Genome-wide imputation analysis
Genotyped SNPs in cases and controls were phased using the SHAPE-IT (v.1) program50. Imputation of 6.1 million frequent SNPs (MAF > 0.05 in Europeans) was carried out using IMPUTE v2 (ref. 51). Chromosome regions were split in chunks of approximately 7 Mb. The reference panel was Phase I integrated variant set release (v3) in NCBI Build 37 (hg19) coordinates (see URLs). For each chromosomal chunk, a set of genetically matched panel individuals was selected, according to the last strategy used by IMPUTE52. Imputed SNPs were combined with SNPs extracted from the 1000 Genomes Project data set under the IMPUTE format. We merged both data sets using GTOOL. We applied a logistic regression (additive model) as implemented in SNPTEST45 (options -frequentist 1 and -score), using the first five components as covariates. Individuals from the 1000 Genomes Project data set were added for all SNPs either genotyped or imputed.

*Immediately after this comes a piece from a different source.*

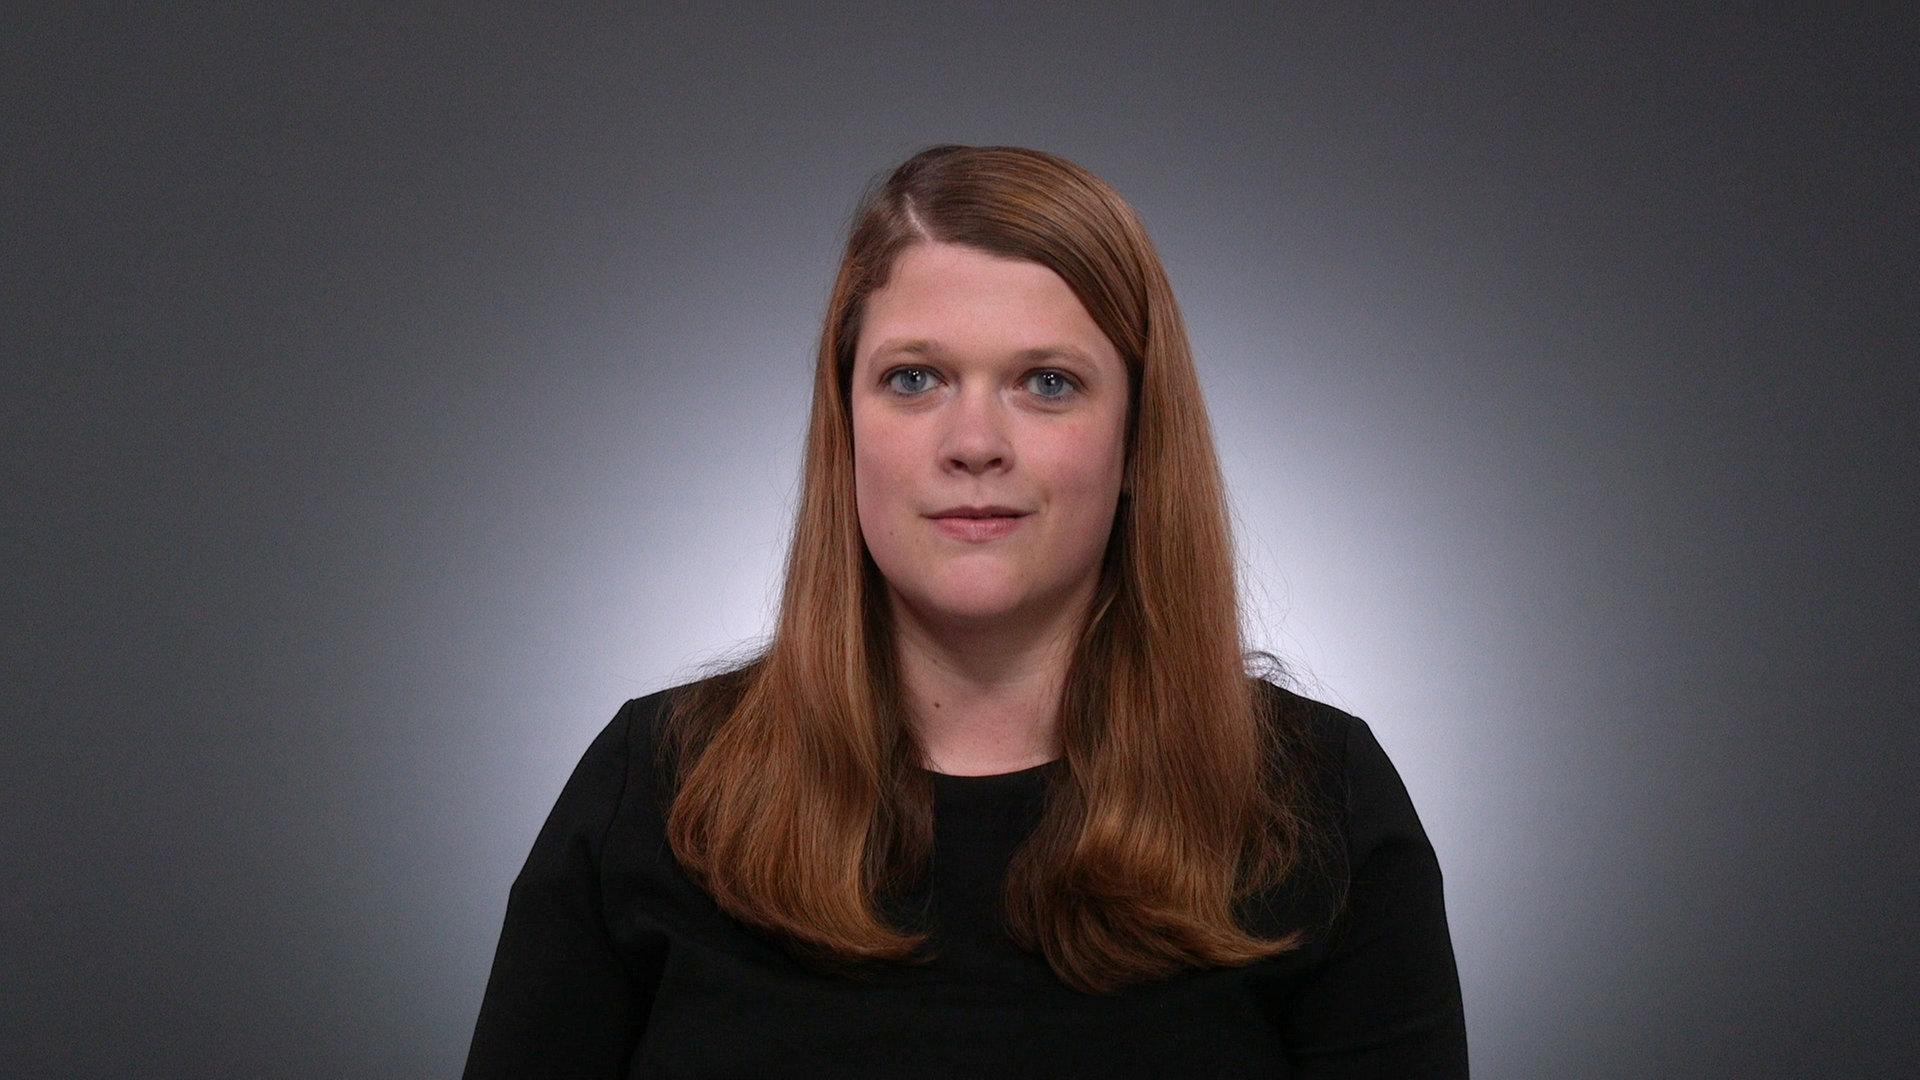 Annkathrin Kammeyer, SPD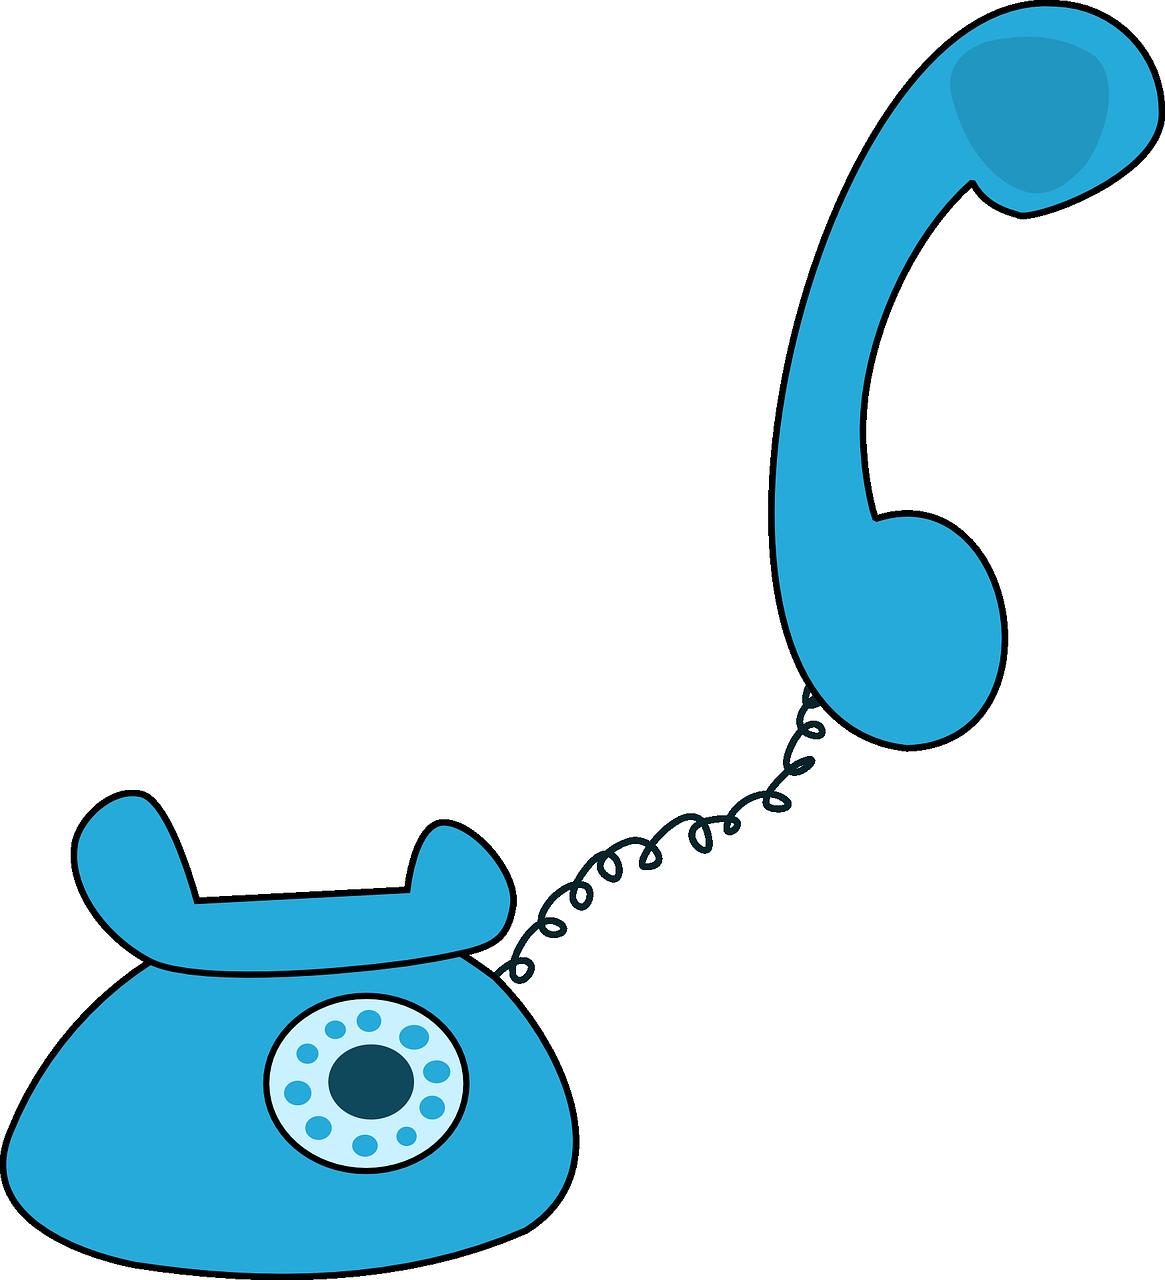 glasvezeltelefoon

Post-analysis quality control
For each significantly associated SNP in a region (called here lead SNP), we visually inspected the cluster graph (Supplementary Fig. 12a) and the association results of SNPs in LD (locus plot).
Enrichment analysis
We tested enrichment in moderately associated SNPs grouped by distinctive properties. The first group included SNPs that have been reported to be associated with ECG traits in previous GWAS. We used the list published in ref. 53 after removal of redundant SNPs (one SNP was selected randomly for each group of SNPs with r2 > 0.2) and exclusion of SNPs located in the same haplotype block as rs10428132. The second list comprised every SNP located within 1-Mb intervals (500 kb upstream and 500 kb downstream) centered on the susceptibility genes for Brugada syndrome listed in ff 13. We removed the SCN5A gene, as it would have disproportionately inflated the overall statistics. Quantile-quantile plots were first visually inspected to check for enrichment. The significance of enrichment suggested by the quantile-quantile plot for the first group (ECG-associated SNPs) was formally tested by a simple Fisher combination test.
Replication genotyping
The three significantly associated SNPs from the GWAS stage (rs10428132, rs9388451 and rs11708996) were typed for the replication steps by TaqMan SNP Genotyping assays (Applied Biosystems) according to the manufacturer’s protocol on a LightCycler 480 Real-Time PCR System (Roche) or an ABI Prism 7900HT Sequence Detection System (Applied Biosystems). Assays C__26860683_10, C___2824356_10 and C__44417794_10 were functionally tested by Applied Biosystems for the SNPs rs10428132, rs9388451 and rs11708996, respectively. Reaction conditions included an initial denaturation step at 95 °C for 10 min, followed by 50 cycles of denaturation at 95 °C for 15 s and annealing at 60 °C for 30 s. Data were analyzed with LightCycler 480 software (release 1.5.0 SP4; Supplementary Fig. 12b) or by ABI 7900HT Sequence Detection Systems software (Supplementary Fig. 12c). Outliers were excluded from the analysis. After the first round of genotyping, two samples per SNP genotype cluster were sequenced to verify genotype (Supplementary Fig. 12b). Furthermore, 15 samples that were previously genotyped on Affymetrix Axiom Genome-Wide CEU 1 arrays were used as control samples: the genotypes obtained by TaqMan assays were perfectly concordant with those generated with Axiom array technology.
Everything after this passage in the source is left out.